我从未这般想要救他们,但当时的我只是个连化形都不会的小妖精。
……先生和清源是第一个死的。
在最后一刻,先生毫不犹豫地冲过去用自己的身体护住幼子,旋即被墙壁砸倒在地,两人都彻底没了气息。
夫人的腿也被一根断裂的粗重横梁压着了,无法挣脱,也推不开重物。
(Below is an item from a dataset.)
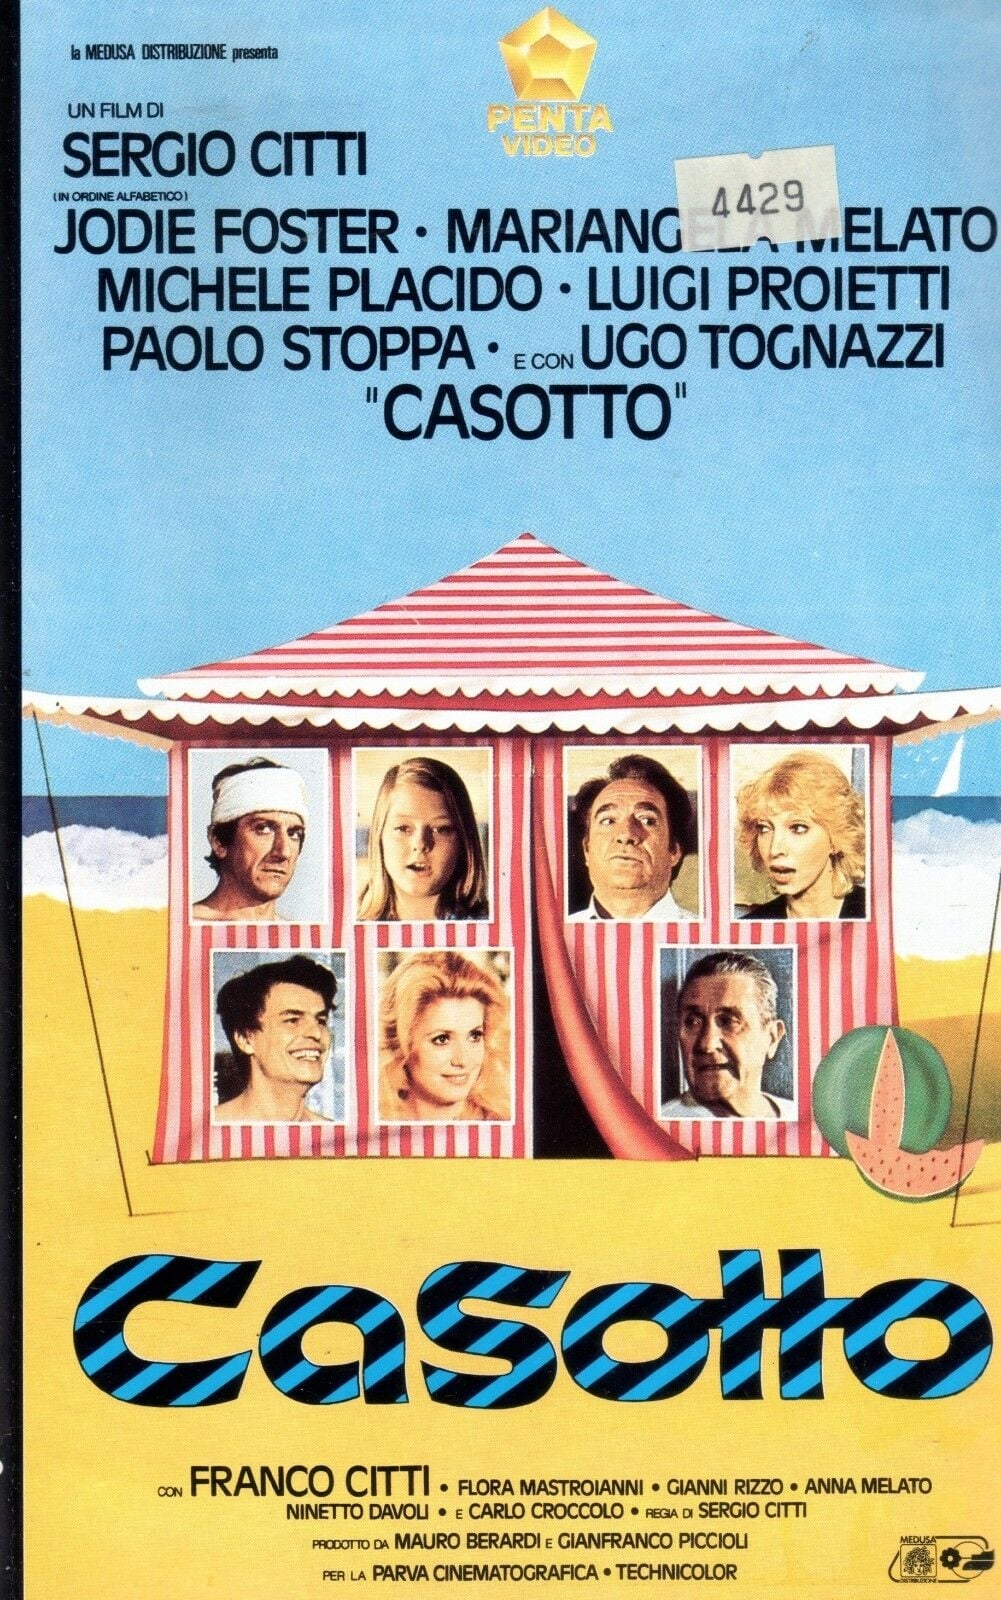 Plakat von "Strandgeflüster"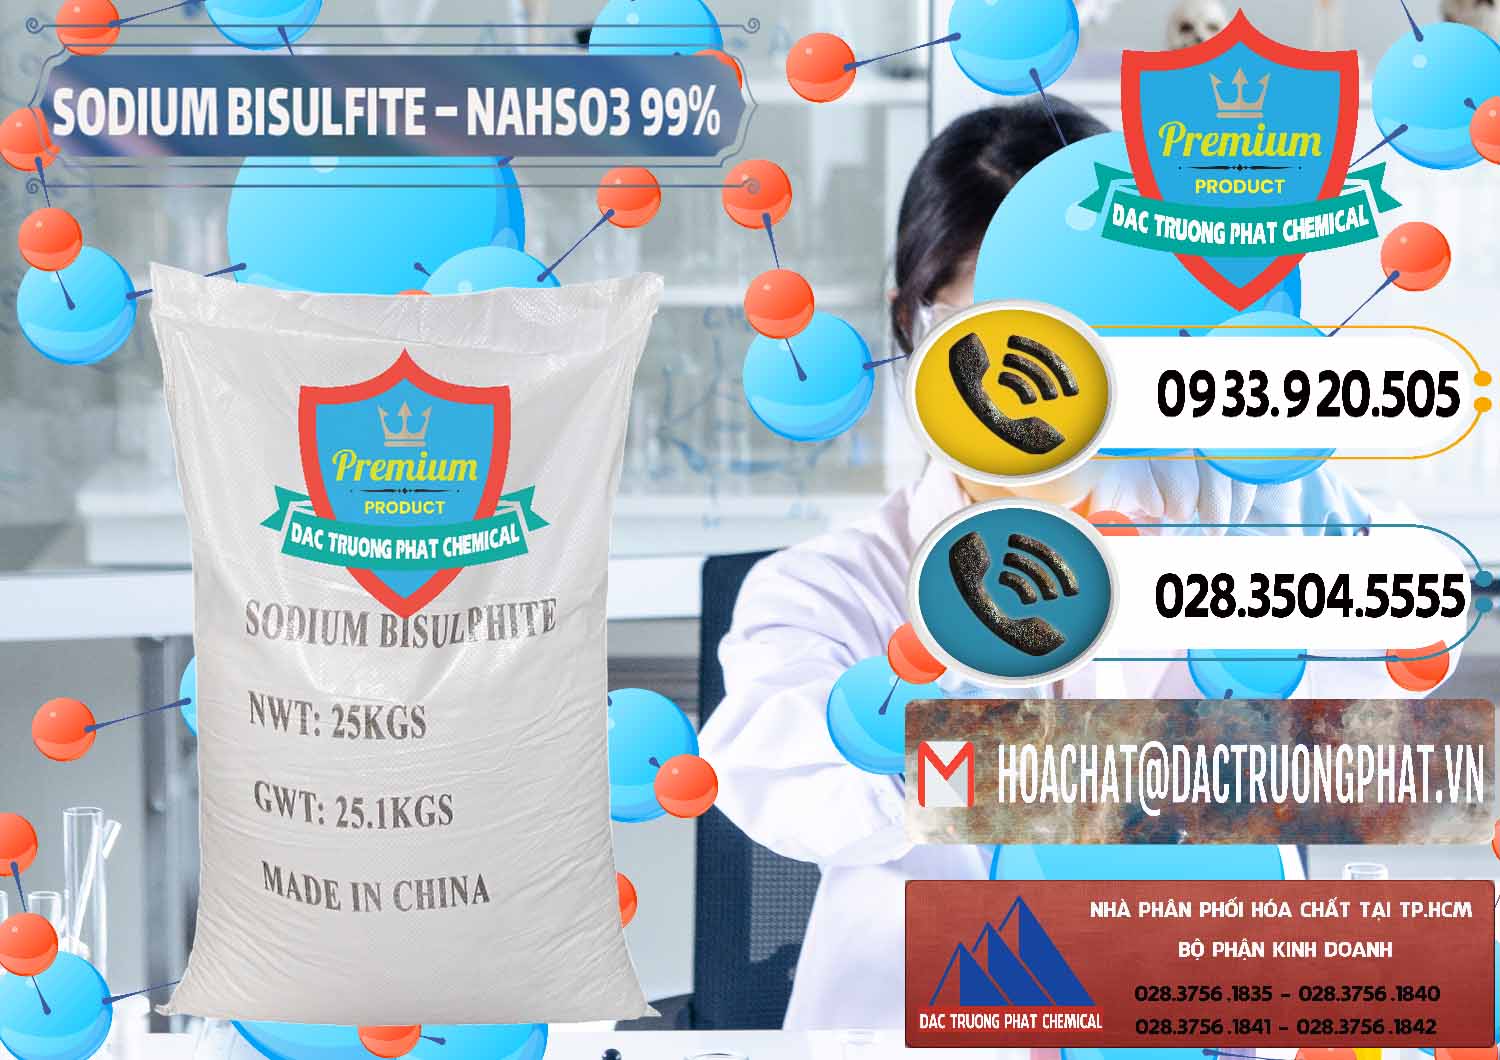 Nơi chuyên bán và phân phối Sodium Bisulfite – NAHSO3 Trung Quốc China - 0140 - Cty cung cấp & phân phối hóa chất tại TP.HCM - hoachatdetnhuom.vn

眼看火势正在楼道里急速蔓延,她只能狠心地挥着手,将想要救自己的兄妹两人赶走。
那是我最后一次见到夫人。
仅存的长子溯光和次女广思强忍悲痛,把棉被的布帛撕开,然后扎成简易绳索,跟其他几个房客一并从三楼的窗户爬出去逃生。
当然了,这二丫头生前跟我关系最好,走的时候也没有忘记把我从包袱里一把捞走,揣在怀里带上。
几人好不容易落地后,眼看就和客栈的其他几名幸存者可以一起逃出生天,偏偏那搭载着机枪的轰炸机去而复返。
它的枪口随意地沿街扫射,金属子弹喷吐如死亡的铁雨,一路击杀那些想要救火或者逃难的人,就像是摧毁一只只蚂蚁那样简单。
轰炸城市是这些邪军飞行员的今晚主要任务,但沿街扫射不是。
他们之所以这么做,只是源自两个飞行员在比赛谁杀的人更多而已。
一个游戏。
无聊透顶却又草菅人命的生死游戏。
我听见广思从剧烈到骤然缓慢的心跳,如水泵一般溅射的炙热鲜血,声嘶力竭的呼喊……最终,她伤口处溢出的血彻底浸透了我的叶片。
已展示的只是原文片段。